Когда этот сомнительный пассажир взошел на корабль, все его имущество состояло из носового платка с меткой «Б. Г.», одного бумажного носка с меткой «Л. В. К.», другого — шерстяного с меткой «Д. Ф.» и ночной сорочки с меткой «О. М. Р.», завернутых в старую газету. Тем не менее во время путешествия он больше волновался о своем «чемодане» и разглагольствовал о нем, чем все остальные пассажиры вместе взятые. Когда корабль зарывался носом и рулевое управление не действовало, он требовал, чтобы его «чемодан» передвинули ближе к корме, а затем бежал проверять результаты. Если корабль зачерпывал кормой, он снова приставал к Колумбу, чтобы тот дал ему матросов «перетащить багаж». Во время шторма приходилось забивать ему в рот кляп, потому что его вопли о судьбе его имущества заглушали слова команды. По-видимому, ему не было предъявлено прямого обвинения в каких-либо правонарушениях, но в судовом журнале отмечено как «достойное внимания обстоятельство», что, хотя он принес свой багаж завернутым в старую газету, он унес, сходя на берег, четыре сундука, не считая саквояжа и нескольких корзин из-под шампанского. Когда же он вернулся на корабль, нахально утверждая, что некоторых вещей — у него недостает, и потребовал обыска других- пассажиров, терпение его товарищей по путешествию лопнуло, и они швырнули его за борт.
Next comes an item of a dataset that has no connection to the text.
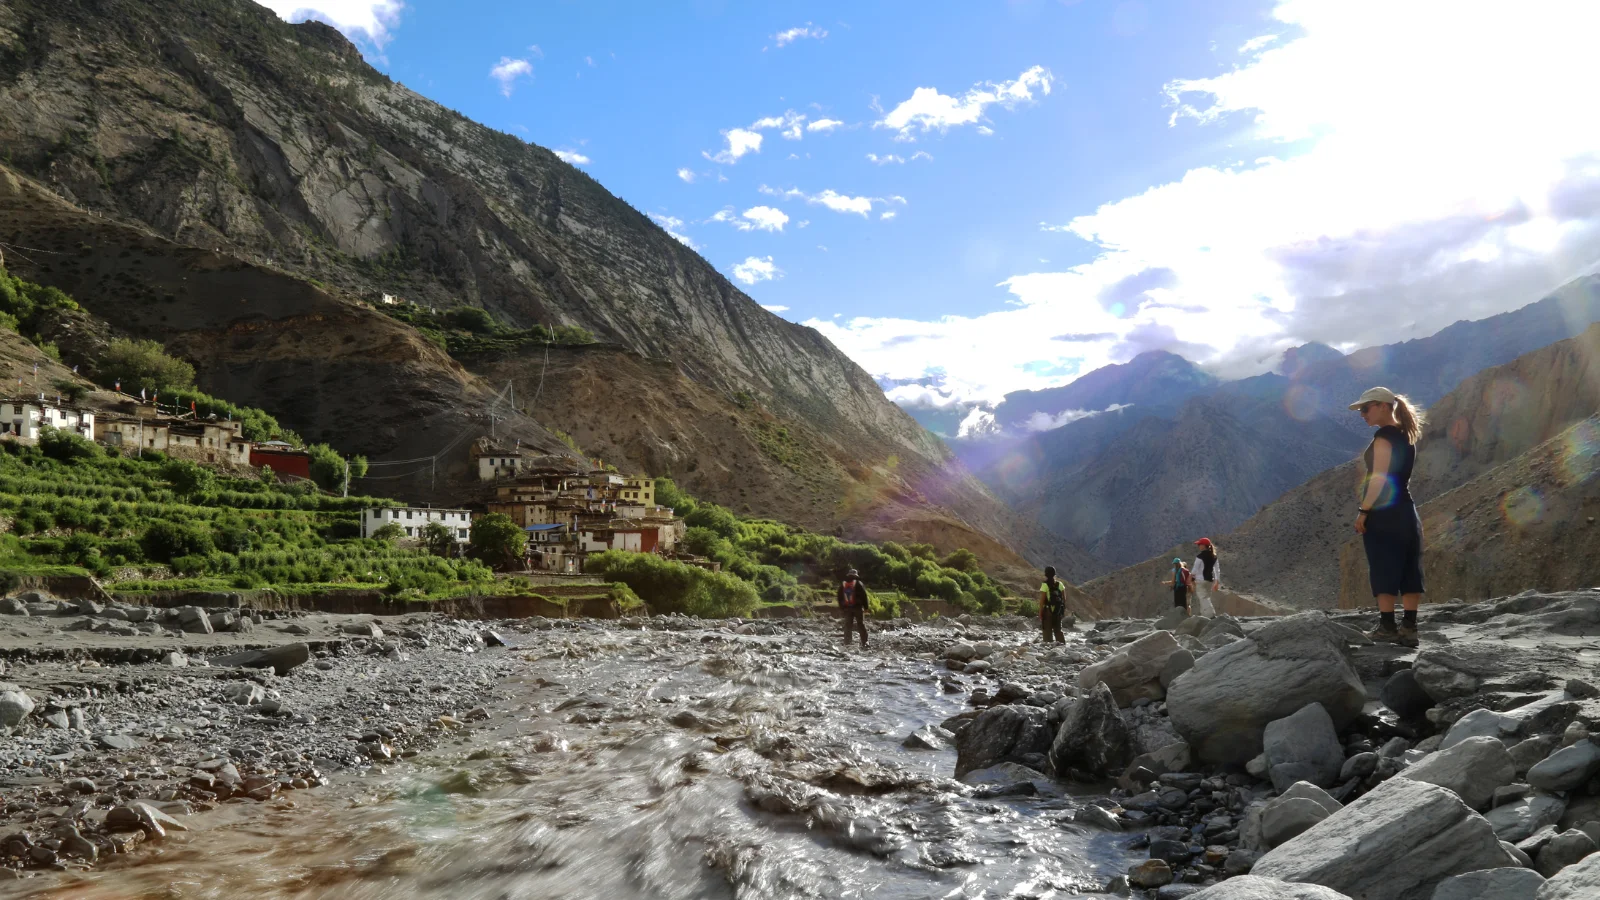 JMEM-Missionare stehen in der Nähe eines Flusses im ländlichen Nepal, während eine Person den Fluss überquert
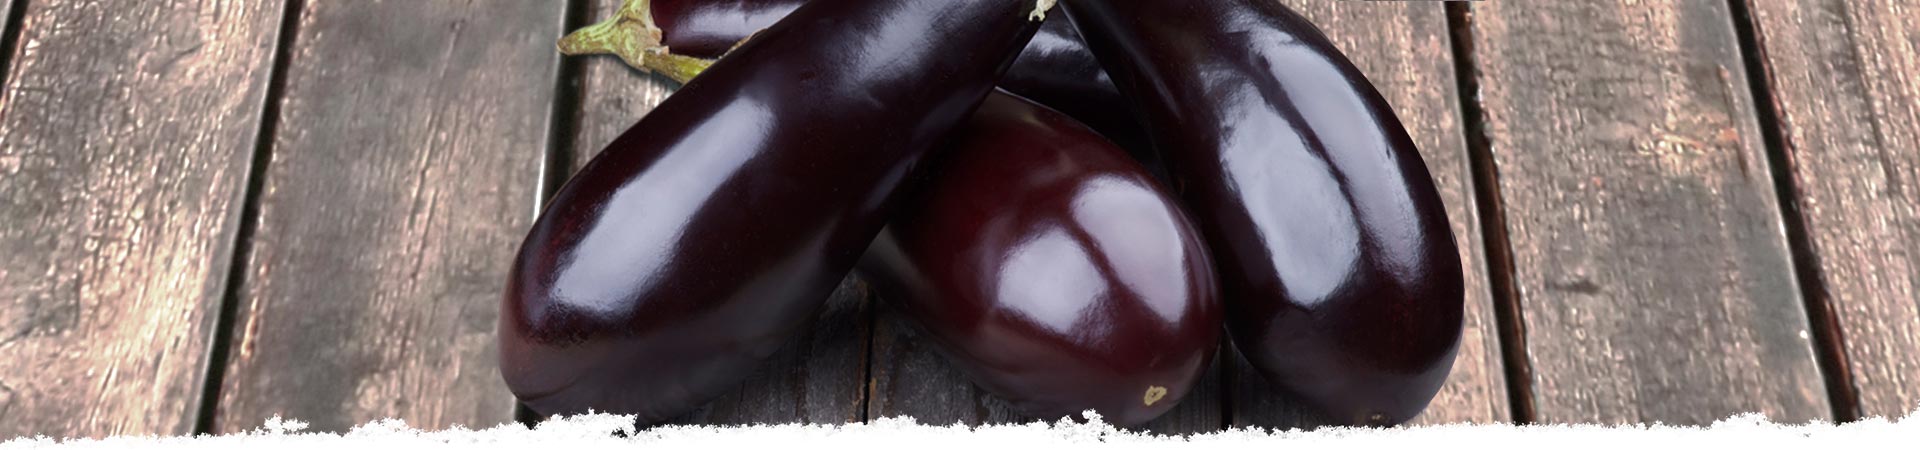 Selecting eggplant

Долго они смотрели, не всплывет ли он, но даже пузырька не появилось на ровной морской глади. Пока все с азартом предавались этим наблюдениям, обнаружилось, что корабль дрейфует и тянет за собой повисший якорный канат. В древнем, потемневшем от времени судовом журнале читаем следующую любопытную запись:
«Позже удалось установить, что беспокойный пассажир нырнул под воду, добрался до якоря, отвязал его и продал богопротивным дикарям на берегу, уверяя, что этот якорь он нашел в море, сукин он сын!»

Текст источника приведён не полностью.